In your copy of the data, keep every word exact and include no pictures.
━━ INFORMATION SHOWN
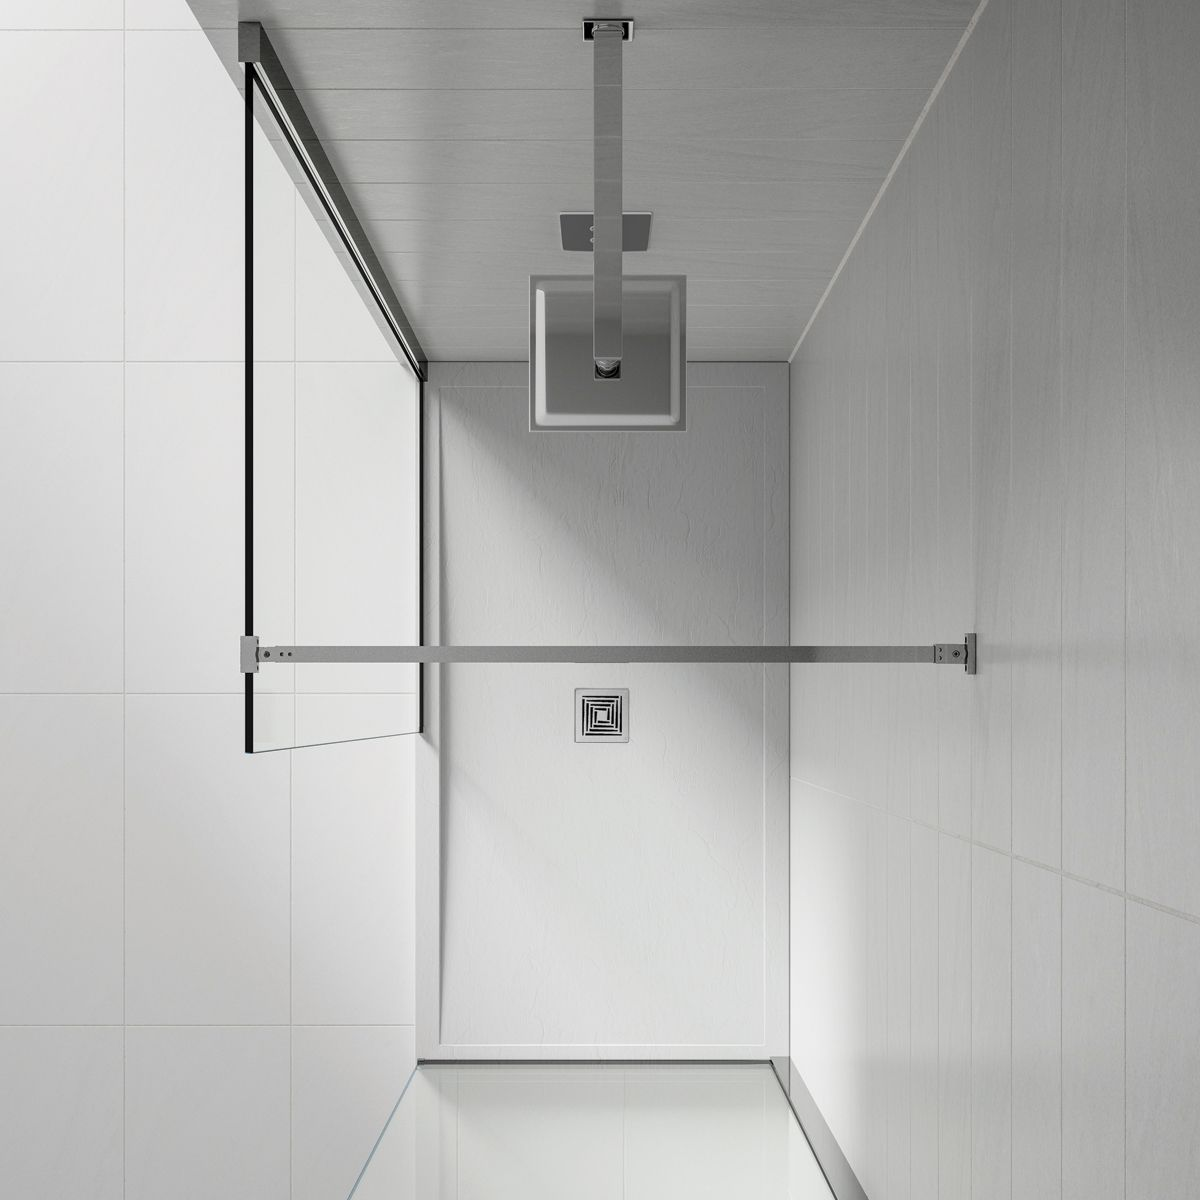 Aquadart White Slate Shower Tray 1500 x 760 Overhead
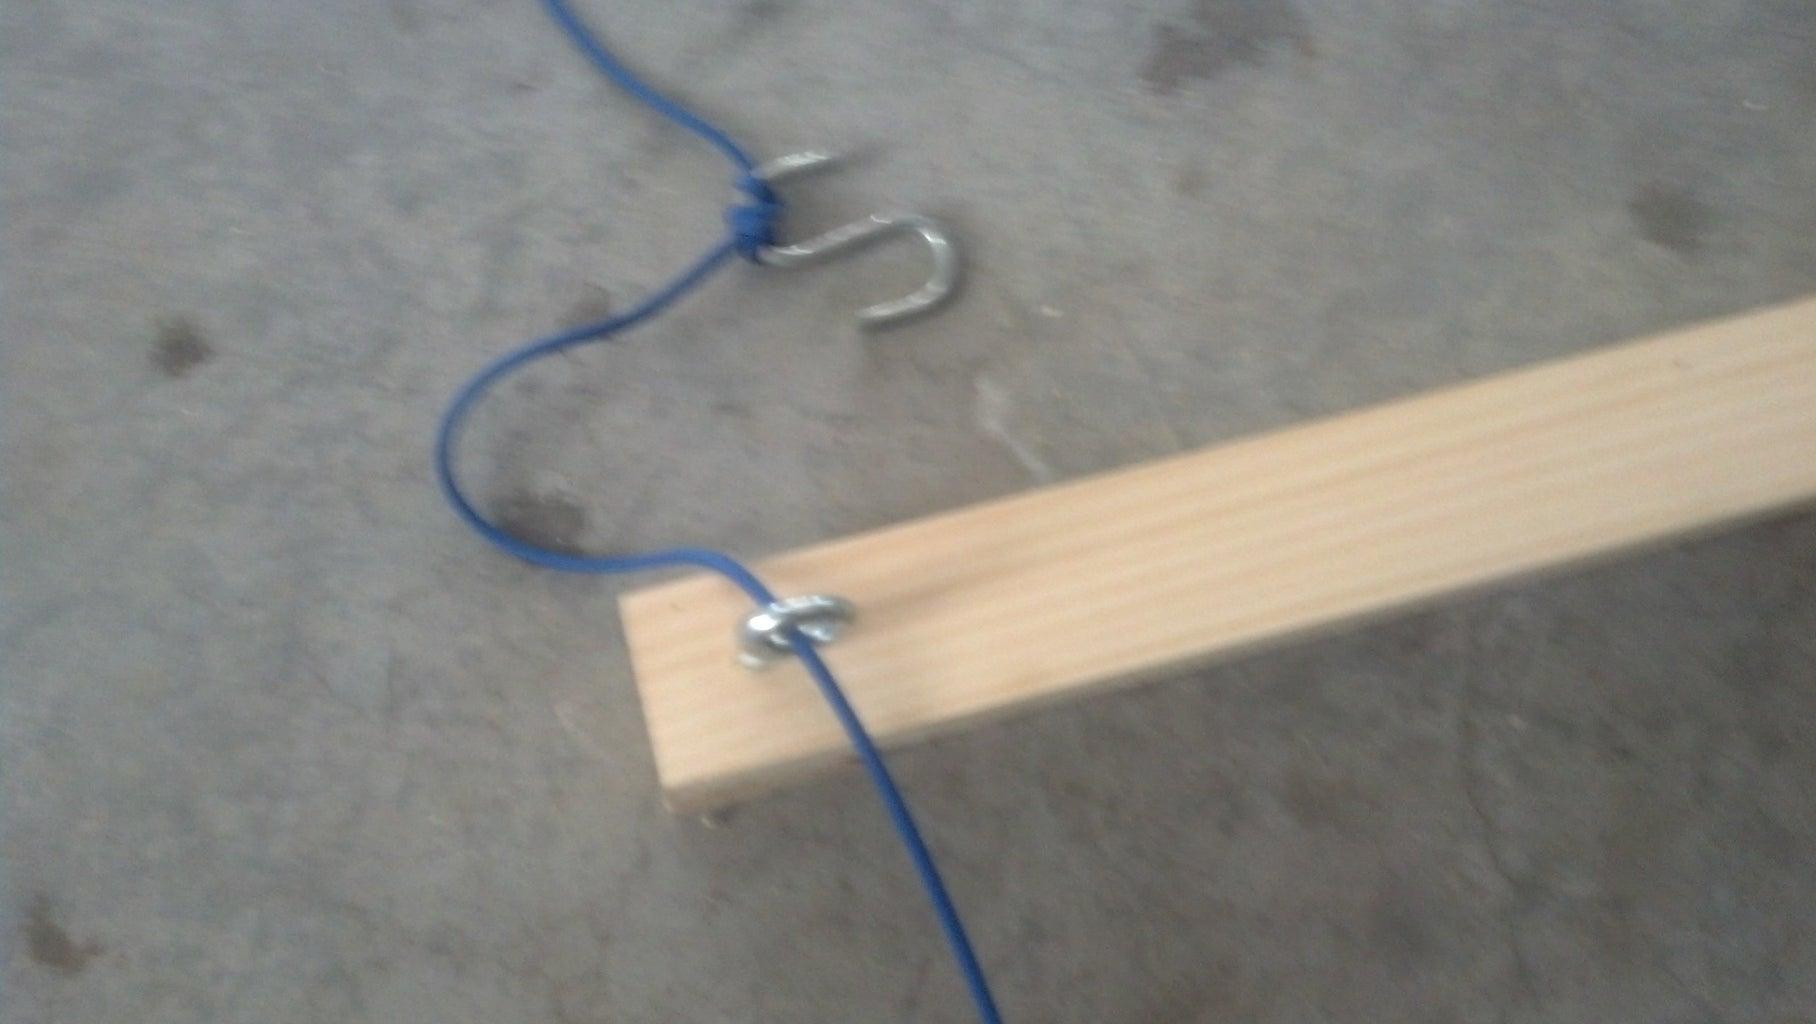 Thread the Paracord Through Eye Screw and Tie an Anchor Loop
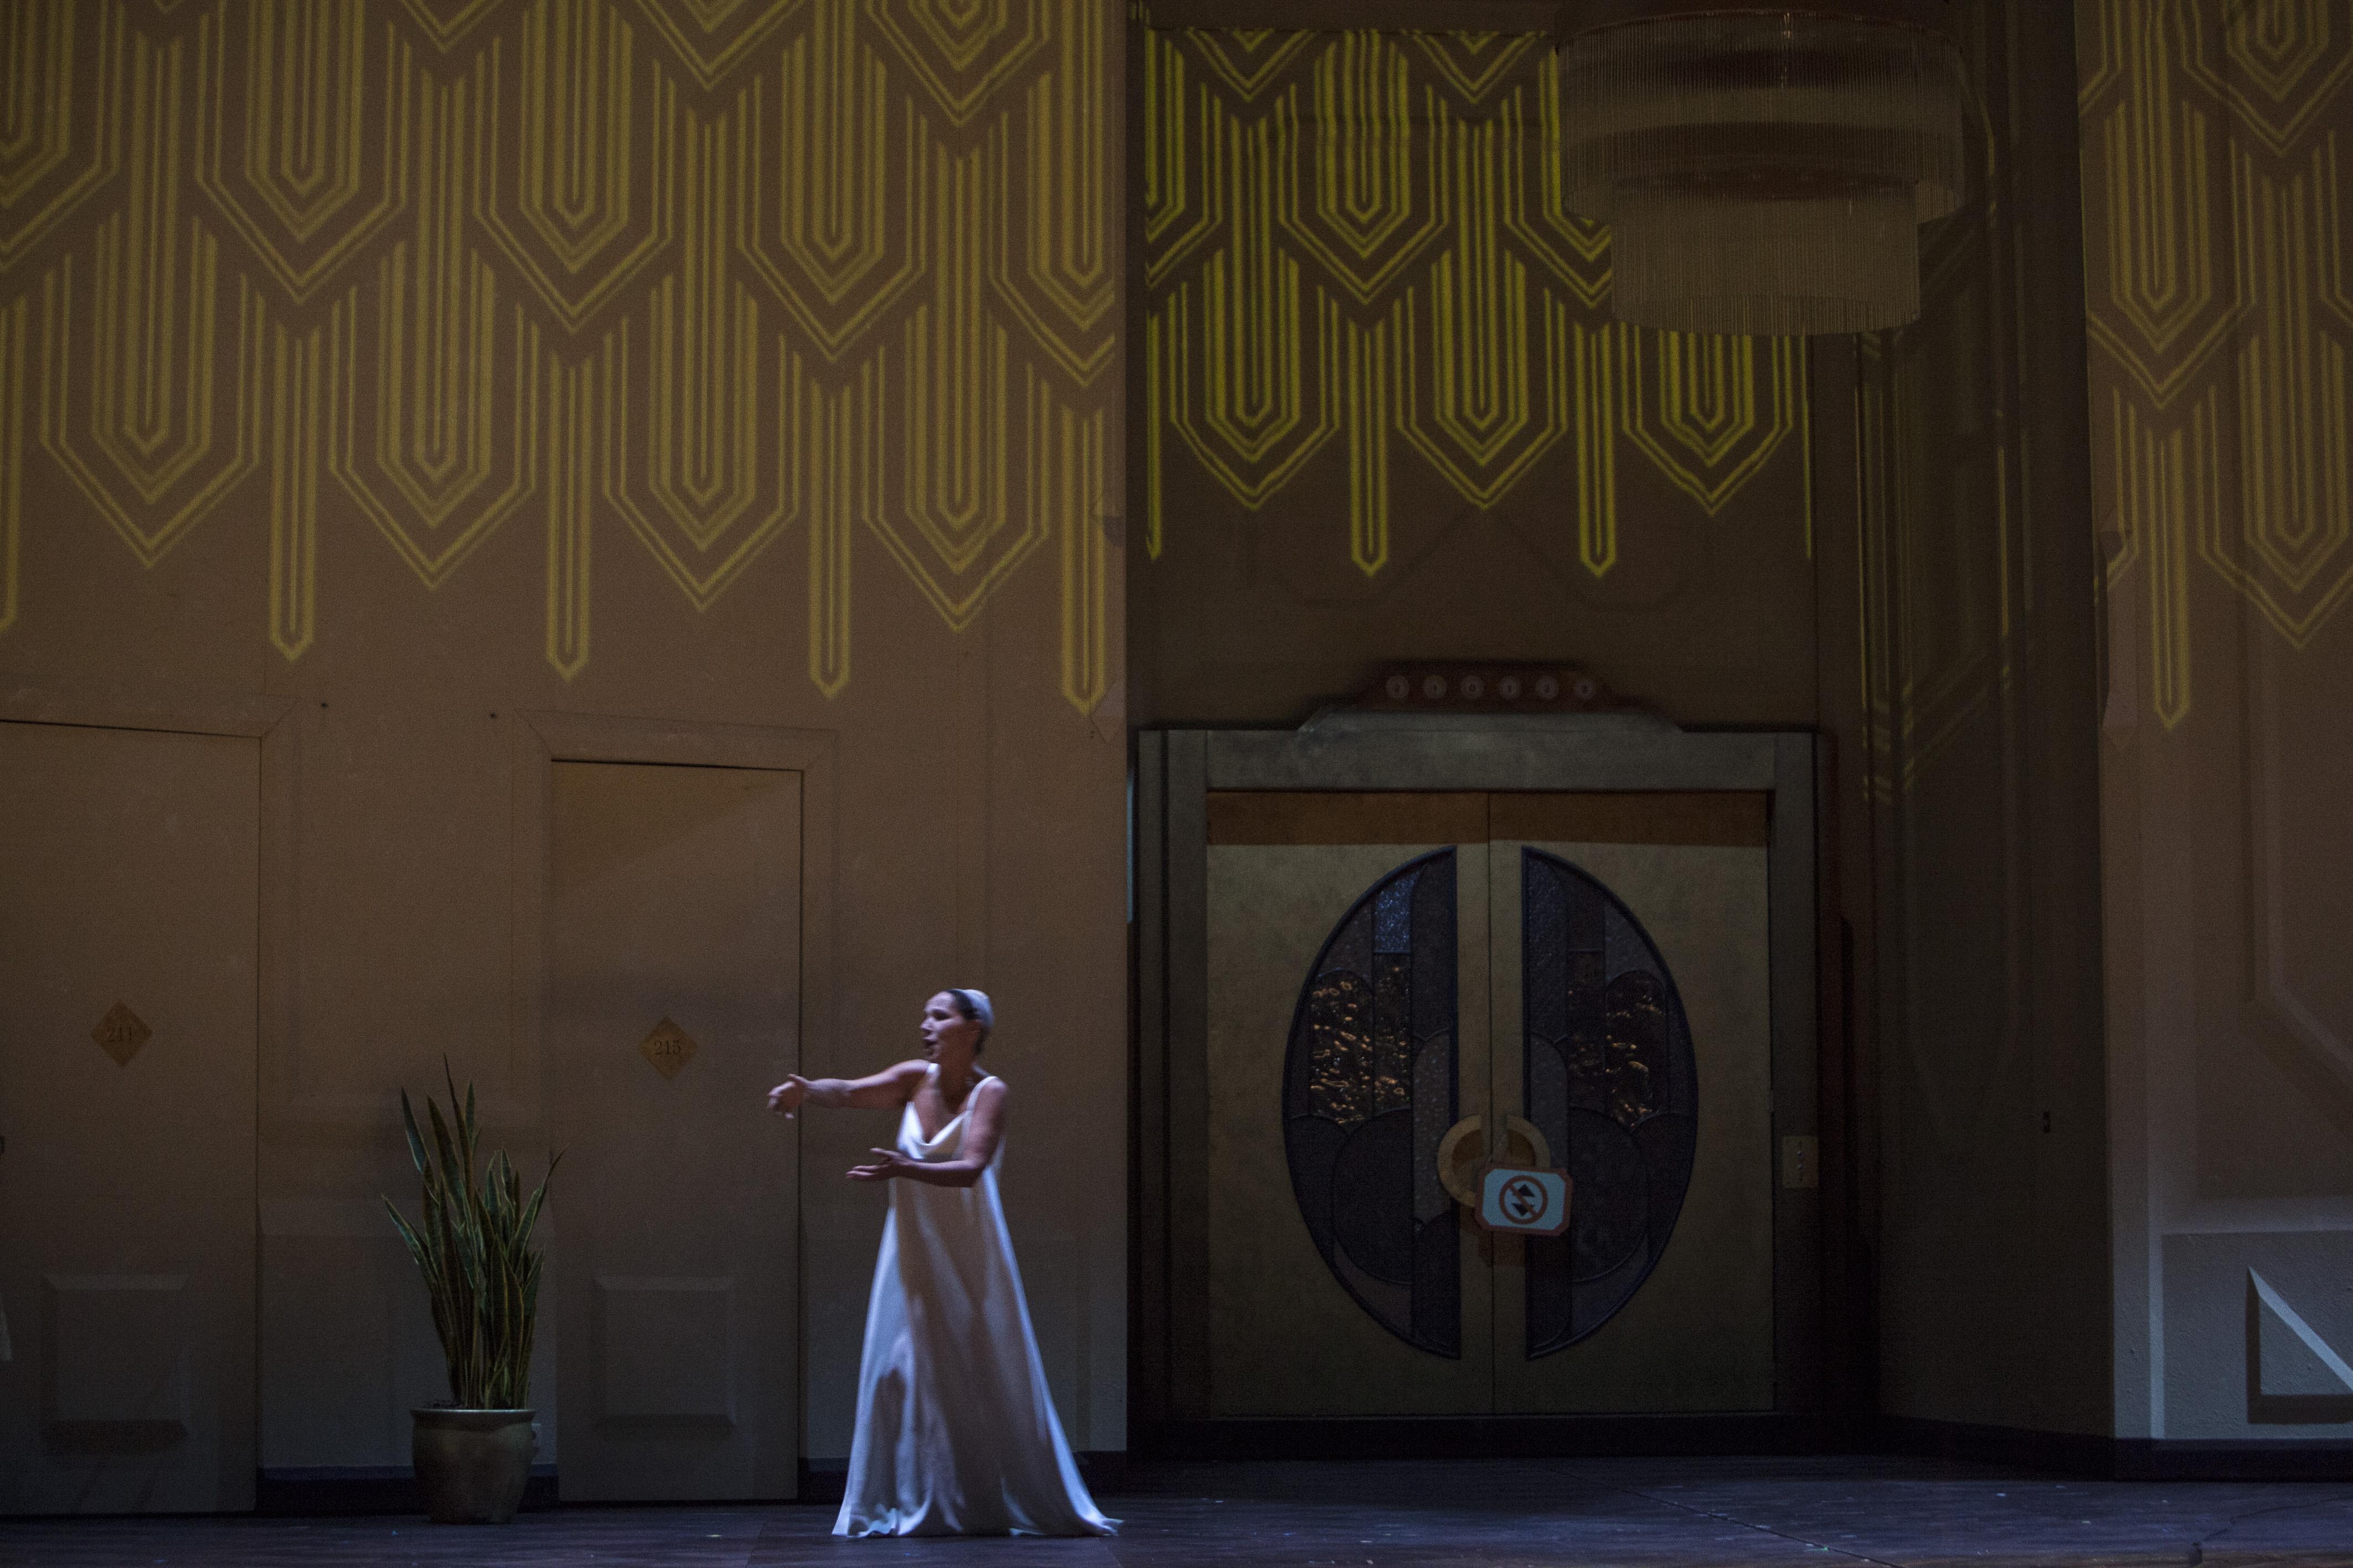 Macbeth de Verdi
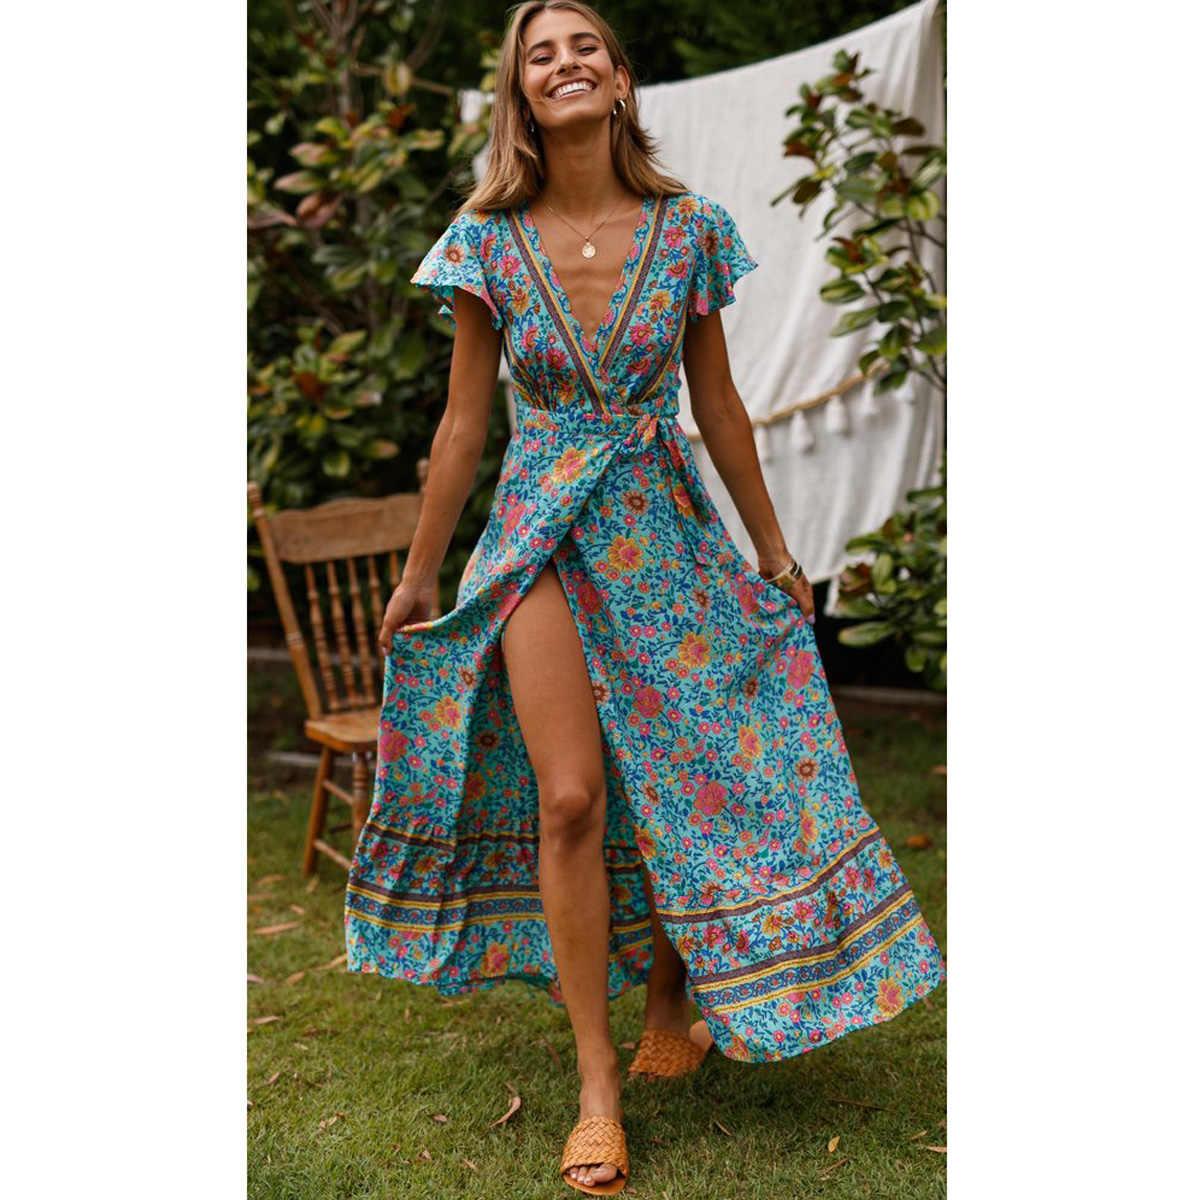 Michael Kors Wrap Dress ... Jastie Green Floral Print Wrap Dress Short Butterfly Sleeves Boho  Summer Dresses V-Neck Women ...
━━━━
* WRITTEN ANSWER
 Aquadart White Slate Shower Tray 1500 x 760 Overhead
 Thread the Paracord Through Eye Screw and Tie an Anchor Loop
 Macbeth de Verdi
 Michael Kors Wrap Dress ... Jastie Green Floral Print Wrap Dress Short Butterfly Sleeves Boho  Summer Dresses V-Neck Women ...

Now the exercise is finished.